Within two days we admitted 150 patients, though we still had less than half our equipment from the ship. As long as the doctors and nurses had a bed to put a soldier in, they looked after him. I happily relinquished my post as adjutant and began paying everybody in new British military lire notes instead of tattered Algerian French francs.

Things soon settled down and the hospital filled to capacity. Then came the gory results of Cassino. Casualties came by train, plane and ambulance direct from the forward areas. Walking patients were moved to a convalescent area because their beds were needed for the more seriously wounded. The operating-room, with four tables, went into 24-hour operation. All staff carried on their regular routines during the day and did different jobs at night. For instance, my sergeant and I worked nights in the operating-room, doing tasks the surgeons assigned. The doctors and nurses snatched a few hours sleep when they could. Their untiring care kept the mortality rate low.

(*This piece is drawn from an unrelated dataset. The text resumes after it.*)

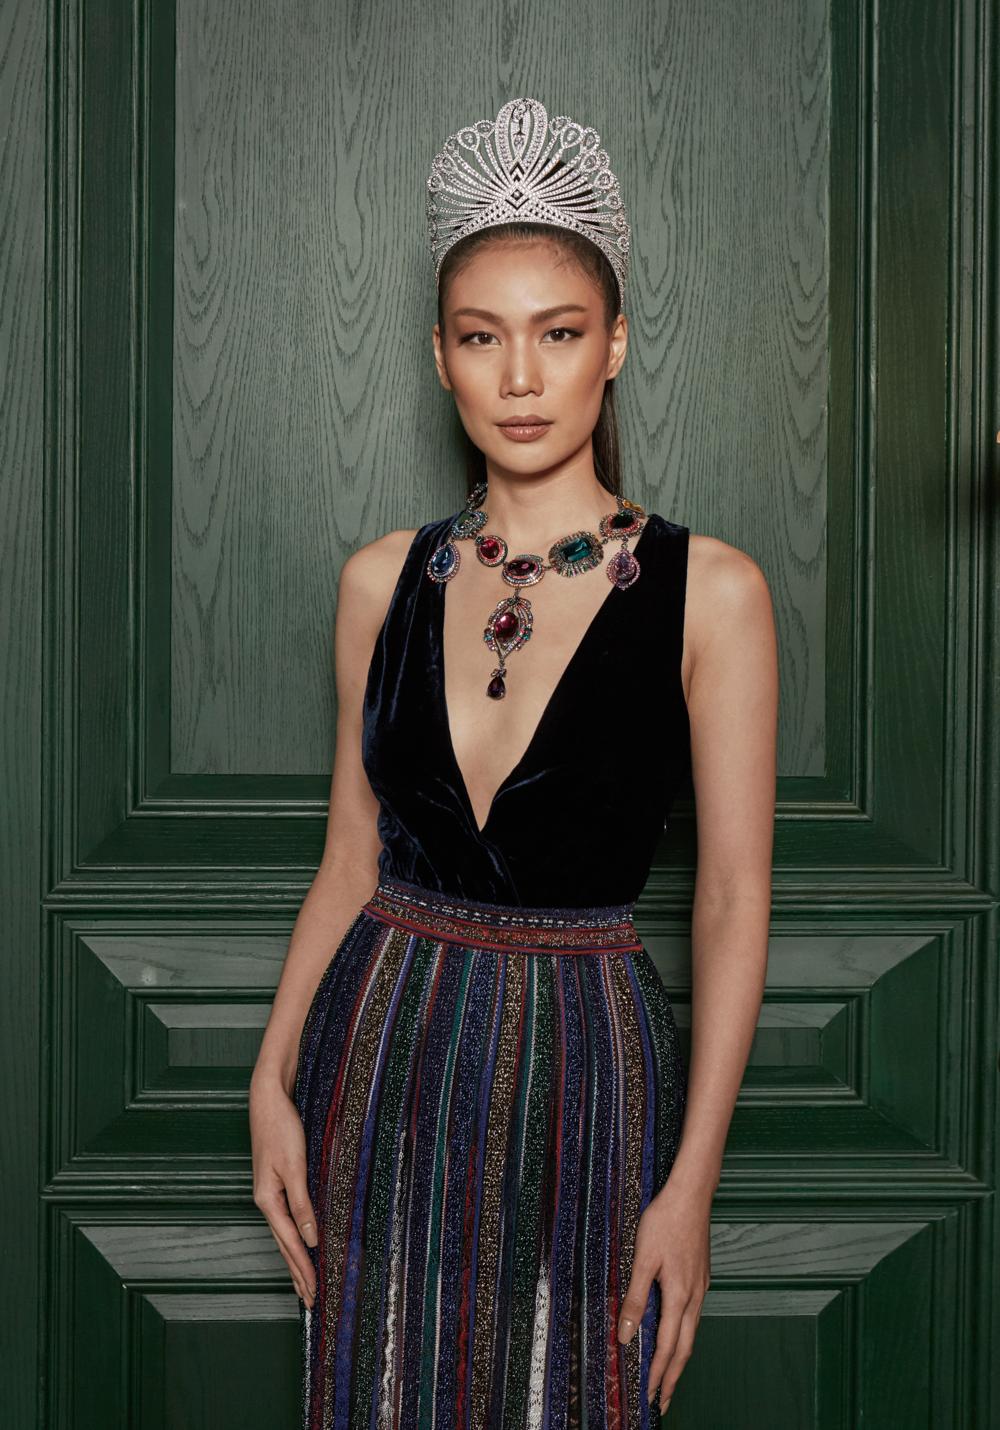 clothes : MISSONI / necklace : Butler & Wilson LONDON

In September, 1944, I was transferred to 5 Gen. Hospital in Rome. This hospital, from Winnipeg–15 was from Toronto–was quartered in the Italian military college, a 10-minute walk from St. Peter’s Basilica.

I became sick in mid-December and was admitted to my own hospital. I can testify the care was excellent. I was subsequently transferred back to my old home at 15 where I spent my last Christmas in the army. I was evacuated to England and recovered from hepatitis at the Canadian hospital at Horley, Sussex, where the nursing sisters always wore blue uniforms with white veils and cuffs.